When an S Corporation distributes its income to the shareholders, the distributions are tax-free. As mentioned, the primary advantage of an S Corporation is that, generally, its income is taxed only at the shareholder level.

How do you take money out of an S Corp?

The business doesn’t pay taxes; only the owners do. Whether you’ve started a corporation, an LLC, or a series LLC, you can elect to be taxed as an S Corp….If you want to take money out of your S Corp, you have three options:

  1. Take a distribution.
  2. Pay yourself a salary.
  3. Give yourself a loan.

Can my corporation lend me money?

The short answer to your question is no. You can borrow funds from a corporation and you can keep them outstanding for one balance sheet date. If it they aren’t paid back you would have to include them in income taxes. At one time you could borrow cash from a corporation in order to buy a house for your personal use.

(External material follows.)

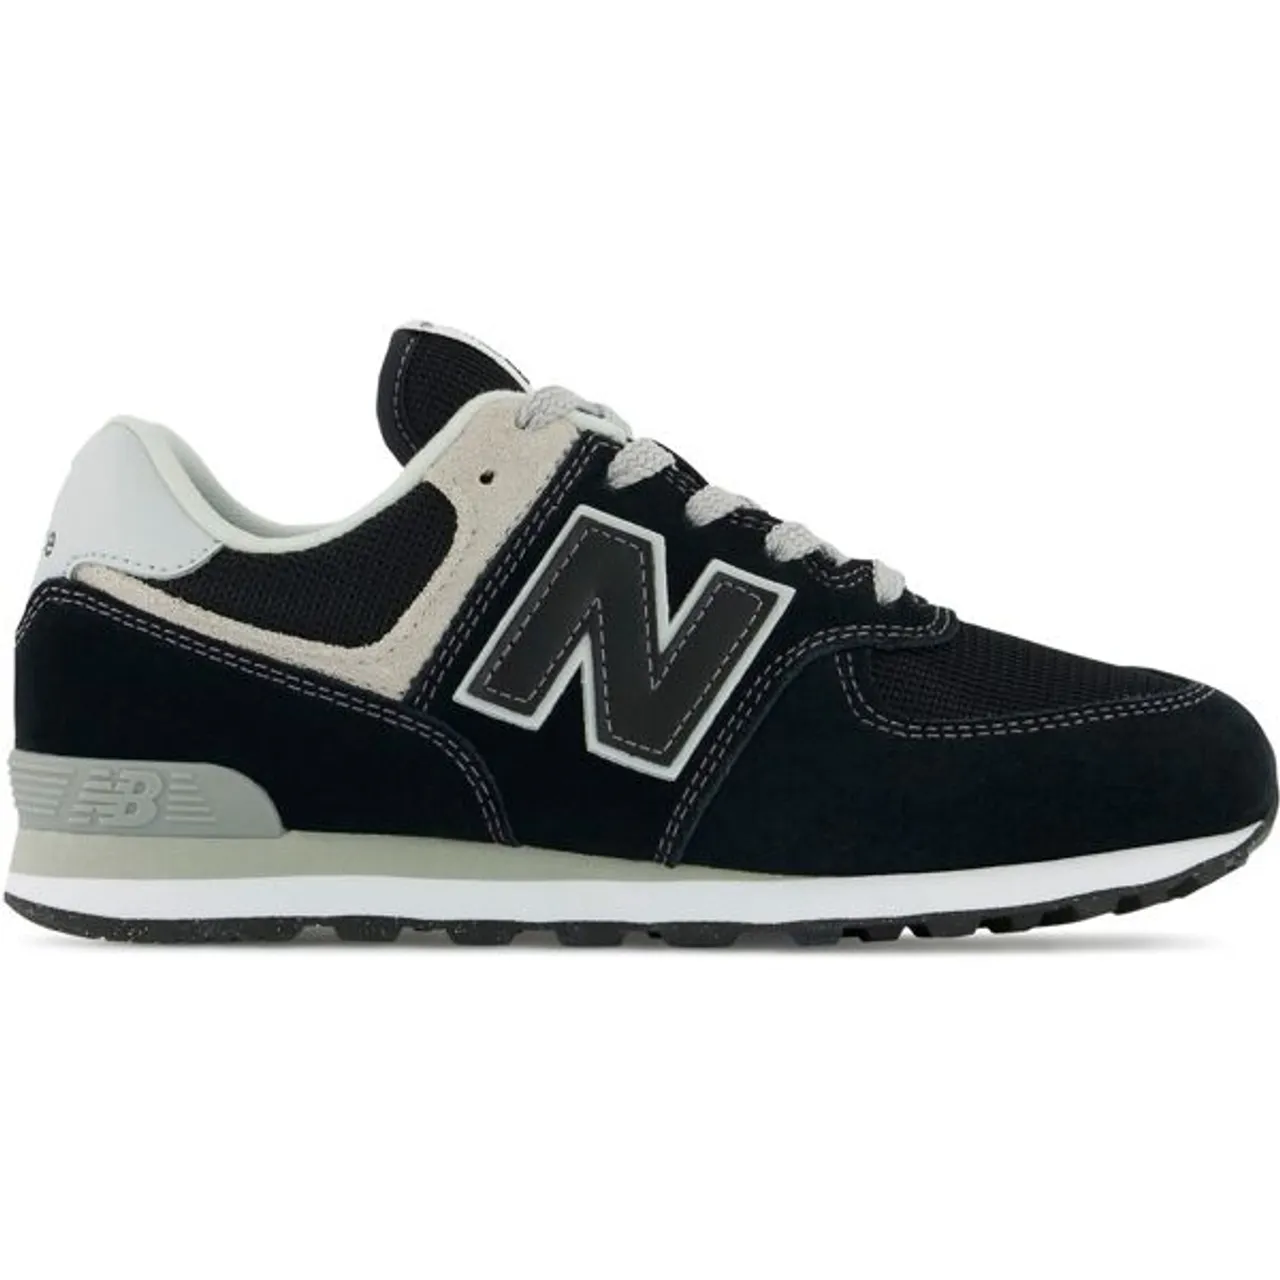 Sneaker NEW BALANCE "GC574" Gr. 36, schwarz (schwarz, grau) Schuhe Sneaker

What is S Corp loan basis?

The amount of a shareholder’s stock and debt basis in the S corporation is very important. Unlike a C corporation, each year a shareholder’s stock and/or debt basis of an S corporation increases or decreases based upon the S corporation’s operations. The S corporation will issue a shareholder a Schedule K-1.

How does an S Corp pay owners?

Getting paid as the owner of an S Corporation An S Corporation is either an LLC or C Corporation that has elected for special tax treatment with the IRS. An S Corp’s remaining profits are paid out in distributions to the company’s shareholders, who then report those distributions on their personal income tax returns.

Can S Corp owners pay themselves?

The IRS requires S Corp shareholder-employees to pay themselves a reasonable employee salary, which means at least what other businesses pay for similar services. Basically, the IRS can recharacterize your distributions as salary and require payment of back payroll taxes and penalties.

Can I borrow money from my own corporation?